Определены оптимальные условия образования фармакофорного G-квадруплекса. Конформационная подвижность G-квадруплекса необходима для его ингибирующей активности.
Аптамеры 15-ТВА и RA-36 конкурируют за сайт связывания с гиругеном — пептидом, аффинным к фибриноген-связывающему сайту (экзосайту I) тромбина. 15-ТВА выступает активатором в гидролизе тромбином низкомолекулярного субстрата. В присутствии 15-ТВА и гиругена наибольшая активация достигается для частично деструктурированного тромбина (без натрия и с дитиотреитолом).
Видоспецифичность аптамеров определяется в большей мере дополнительными элементами вторичной структуры, чем фармакофором. Аффинность аптамеров к проформе тромбина — протромбину — также определяется дополнительными элементами вторичной структуры и падает в ряду NU172 - 31-ТВА - 15-ТВА - RA-36. Для RA-36 исследовано действие антидота (комплементарного олигонуклеотида), установлена стехиометрия 1:1. RA-36 был исследован при внутривенном, подкожном и внутримышечном введении крысам, показано сохранение активности in vivo и увеличение времени выведения по сравнению с 15-ТВА более чем в 3 раза.

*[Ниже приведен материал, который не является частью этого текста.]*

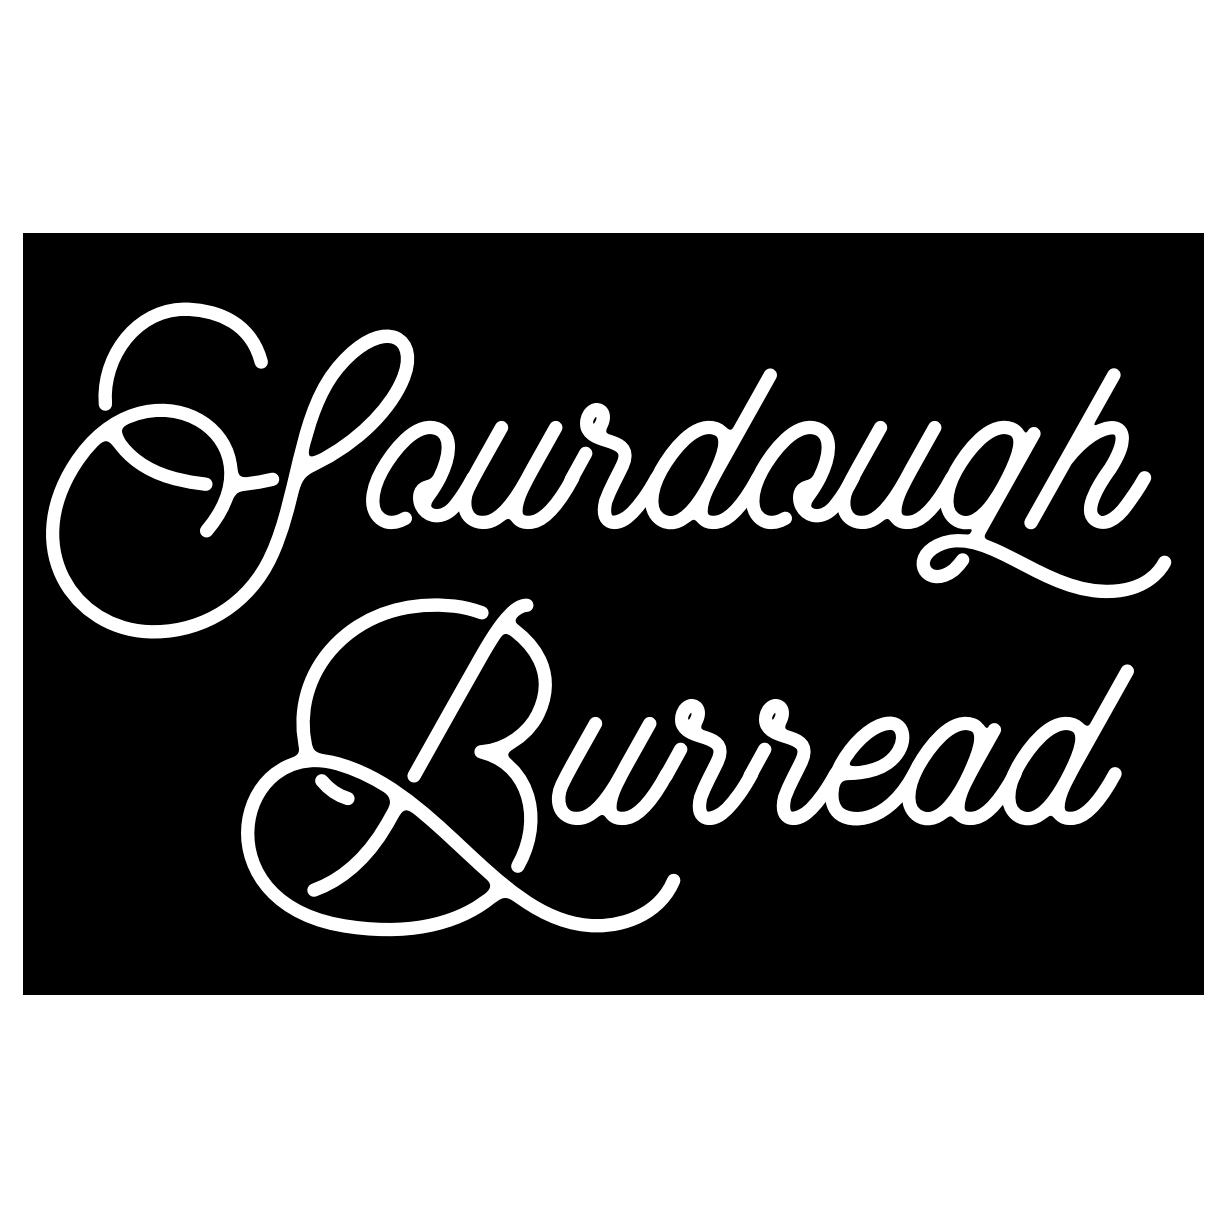 Sourdough Burread

Полученные в настоящей работе данные позволяют понять, как аптамеры ингибируют тромбин, и как можно их улучшить. Разработанный метод позволил изучить специфичность и видоспецифичность аптамеров. Работа дает уникальную возможность изучения аптамеров к тромбину, а также проясняет некоторые аспекты механизмов ингибирования и активации фермента.
Публикации и апробация работы. По материалам диссертации опубликовано 2 статьи в международных периодических изданиях, получен 1 патент. Результаты были представлены на конференциях «Ломоносов-2010» (Москва, Россия, 2010 г.), «Современные достижения бионаноскопии» (Москва, Россия, 2010 г.), «V Всероссийская конференция по клинической гемостазиологии и гемореологии» (Москва, Россия, 2011 г.), «XVIII Всероссийский национальный конгресс «Человек и Лекарство» (Москва, Россия, 2011 г.), «Ломоносов-2011» (Москва, Россия, 2011 г.), «60th International Congress of the European Society for Cardiovascular and Endovascular Surgery» (Москва, Россия, 2011 г.), «XXIII Congress of the International Society on Thrombosis and Hemostasis» (Киото, Япония, 2011 г.), «17th Congress of European Hematology Assоciation» (Амстердам, Нидерланды, 2012).

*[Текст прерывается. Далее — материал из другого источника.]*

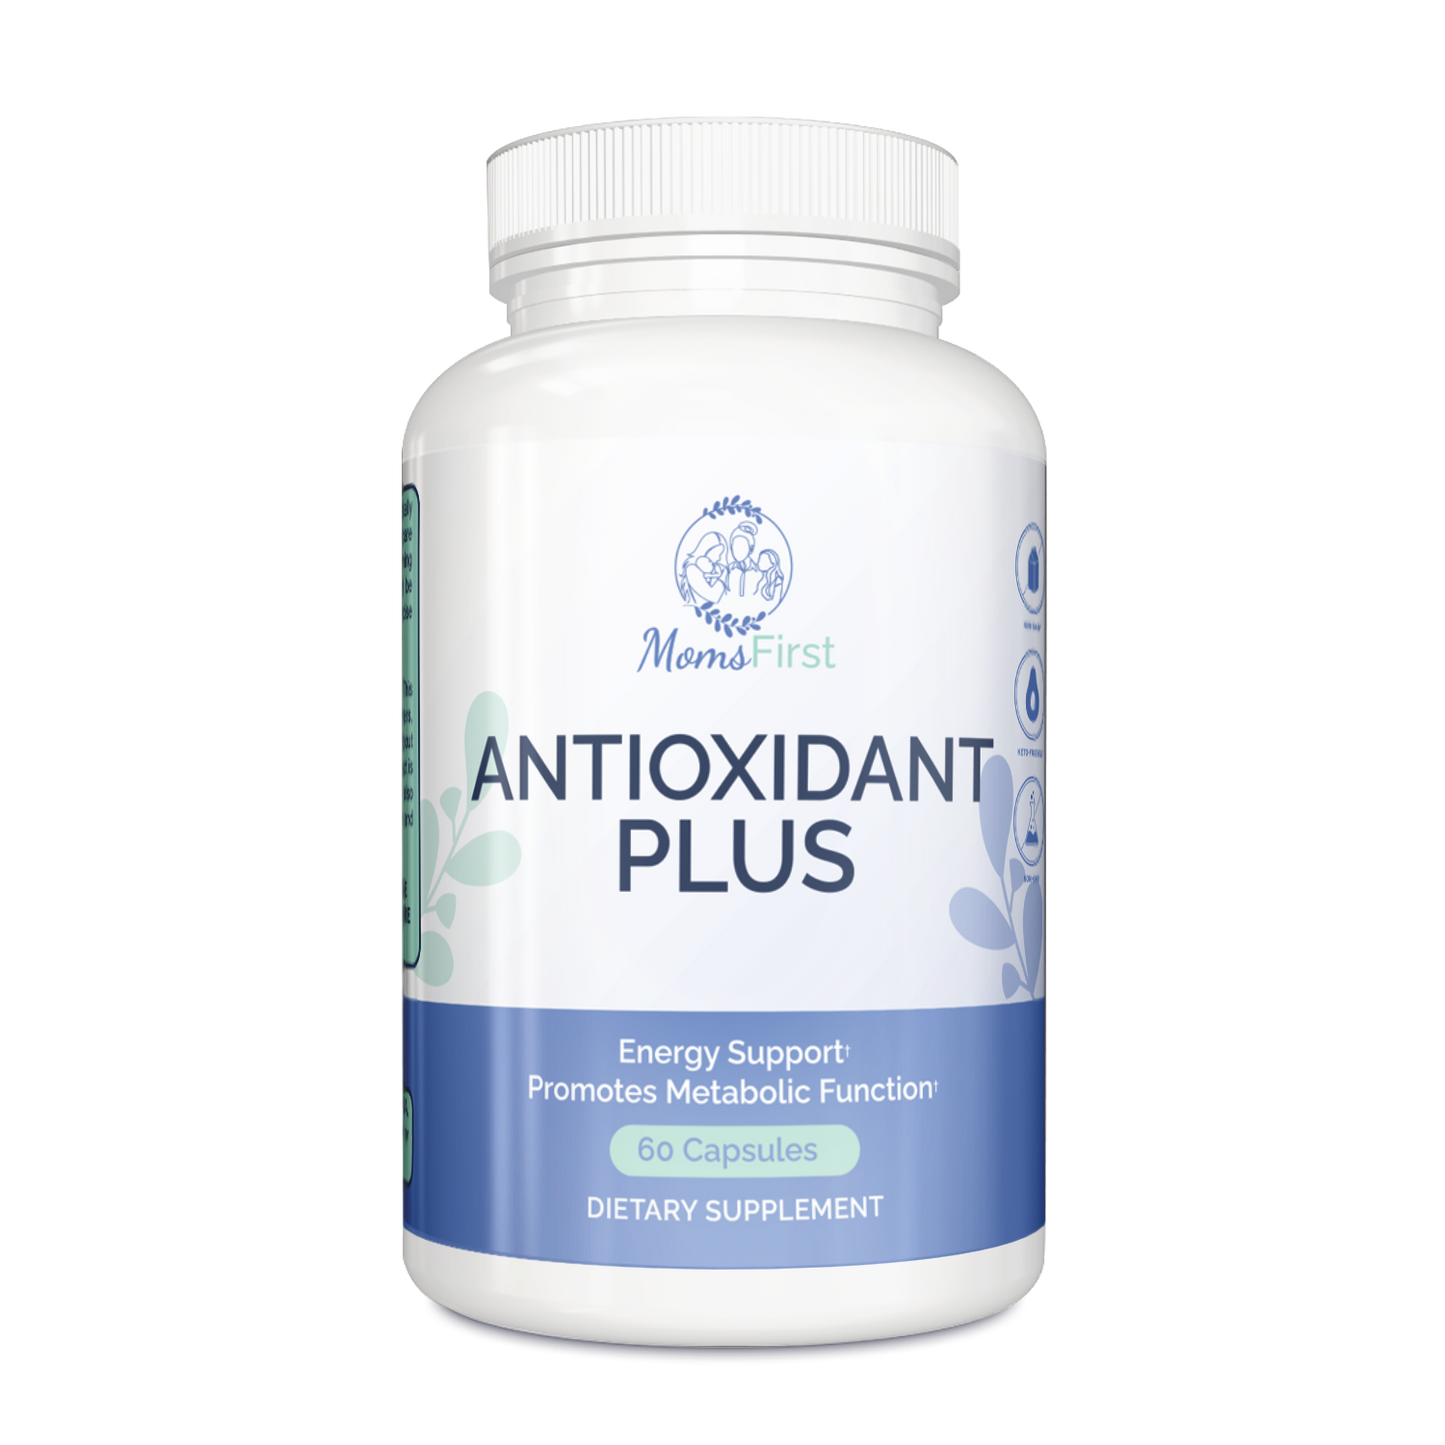 Antioxidant Plus

Структура и объем диссертационной работы. Диссертация изложена на 195 страницах машинописного текста и содержит следующие разделы: введение, обзор литературы (посвящен ингибиторам тромбина), обсуждение результатов, экспериментальная часть, выводы и список литературы. Материал иллюстрирован 84 рисунками и 23 таблицами. Библиографический указатель включает в себя 295 цитированных работы.